> _Data shown_:
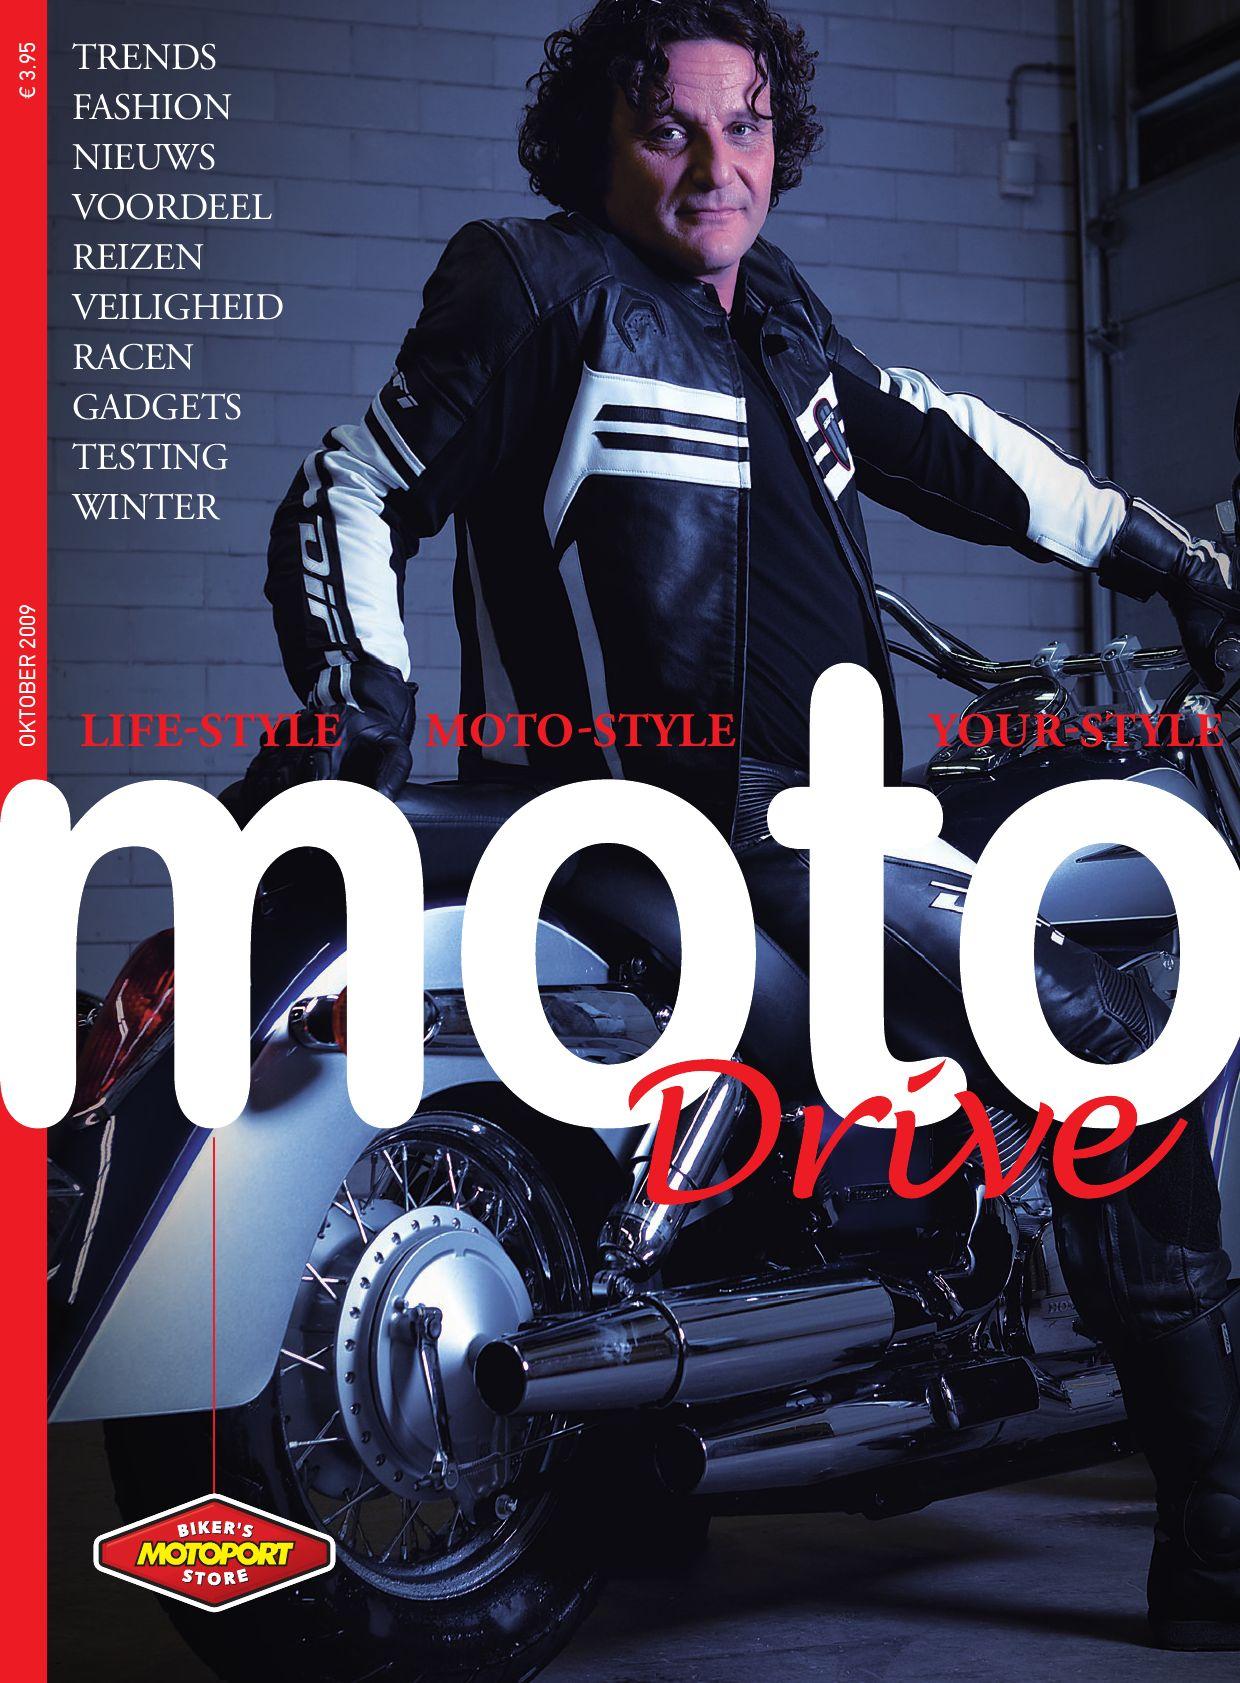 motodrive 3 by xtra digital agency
* * *
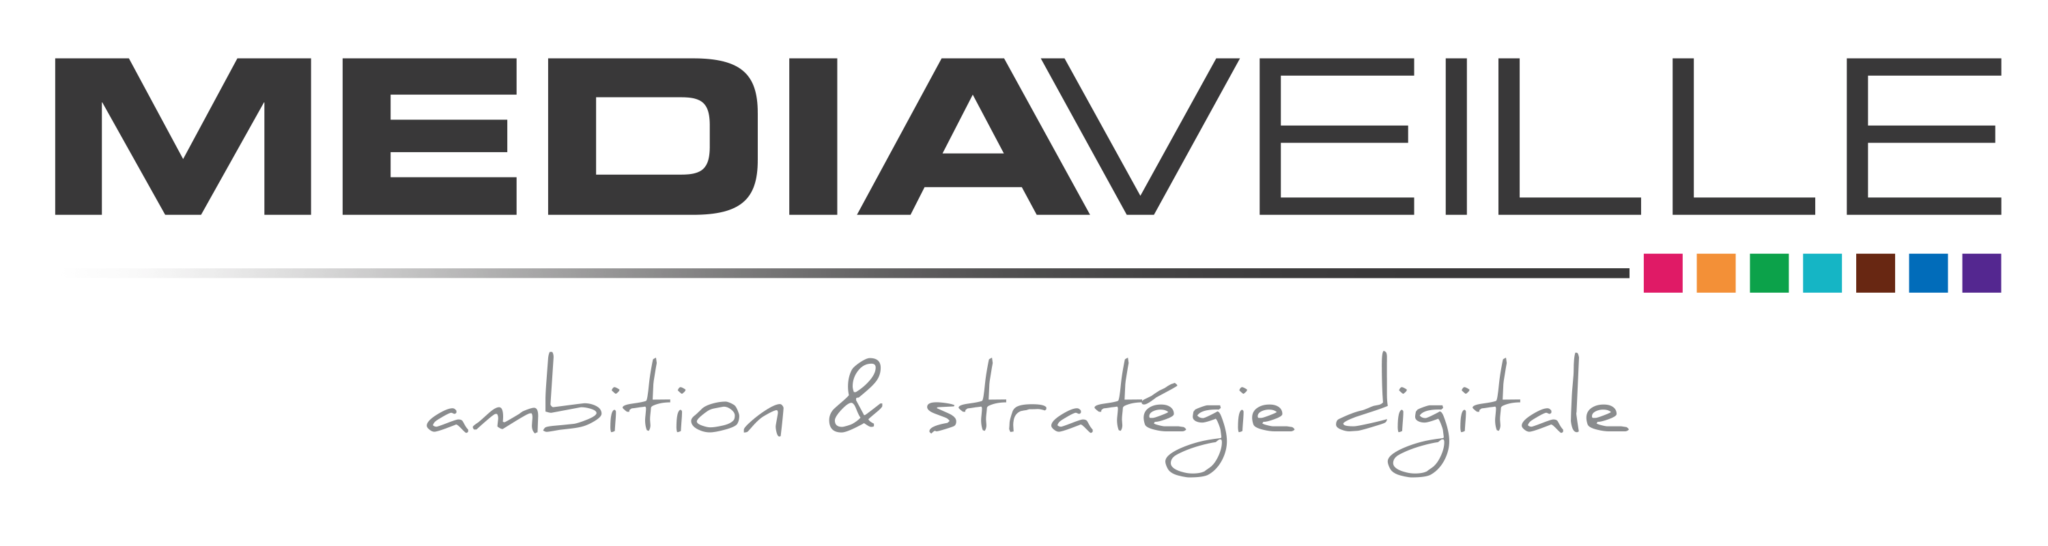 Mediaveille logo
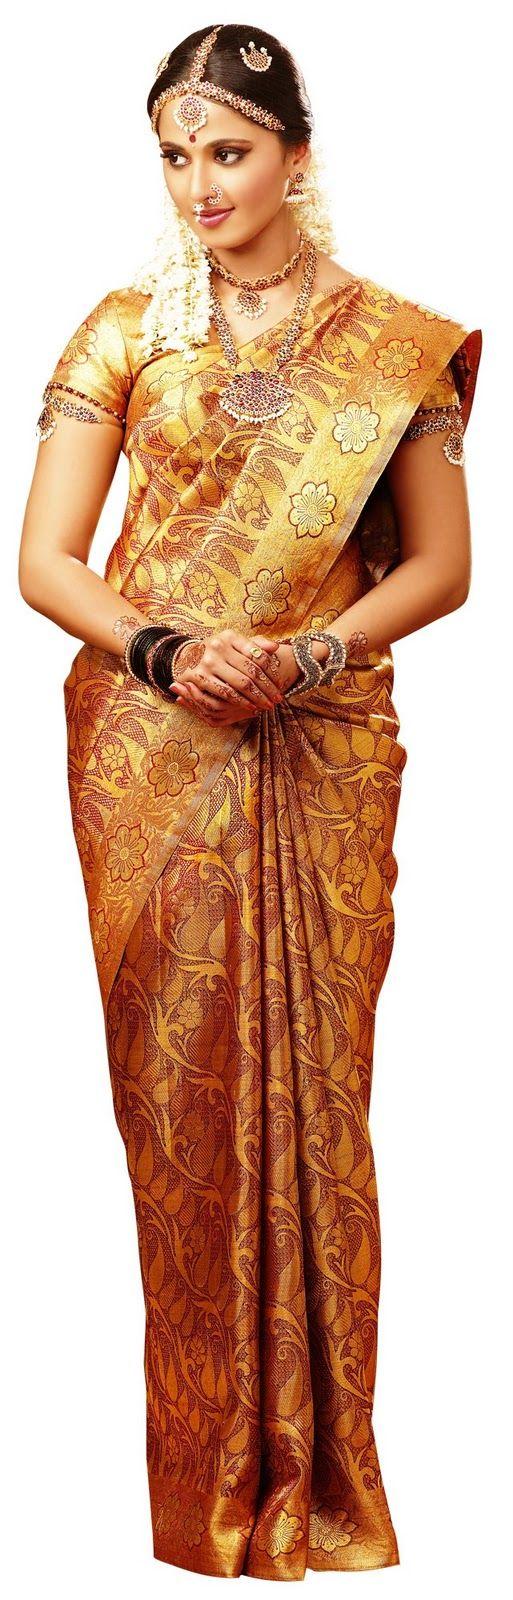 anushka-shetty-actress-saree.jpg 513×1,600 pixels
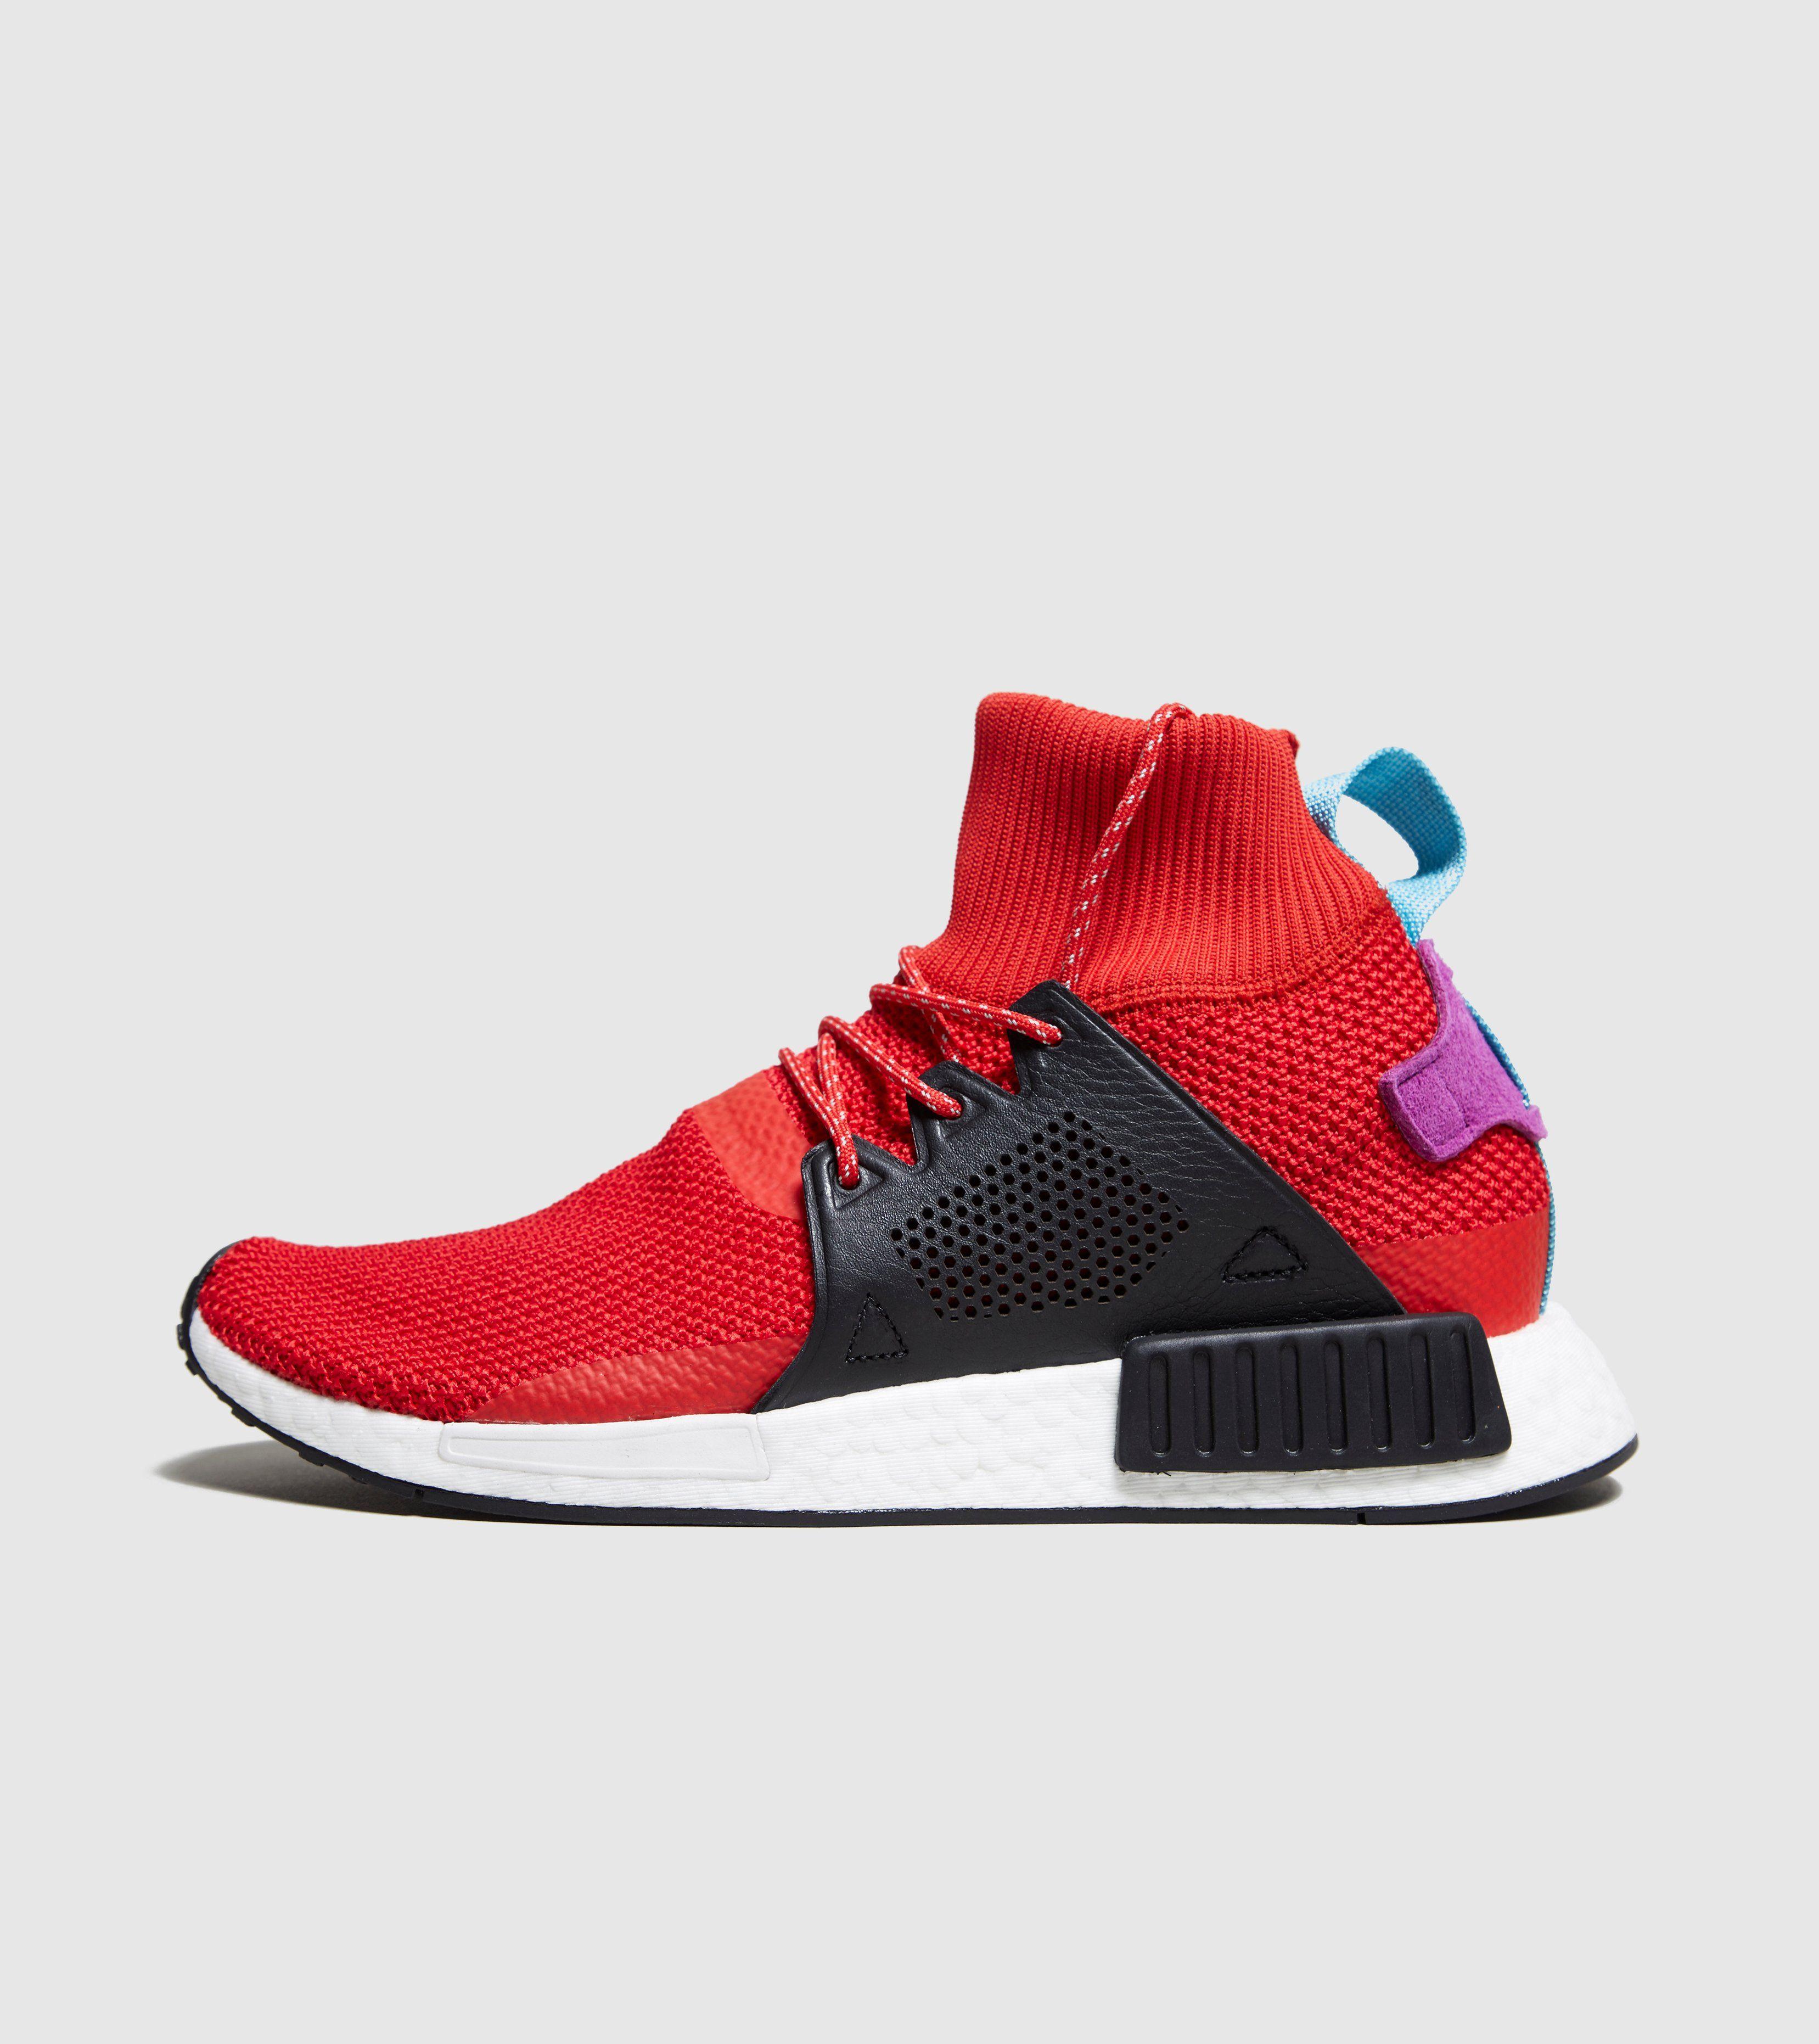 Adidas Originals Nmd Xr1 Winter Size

> _Work required_: All pictures are to be skipped. Output, word for word, the lines in the data above starting at the line containing "anushka-shetty-actress-saree.jpg 513×1,600 pixels" and ending at the line containing "Adidas Originals Nmd Xr1 Winter Size".

> _Exercise response_:
 anushka-shetty-actress-saree.jpg 513×1,600 pixels
 Adidas Originals Nmd Xr1 Winter Size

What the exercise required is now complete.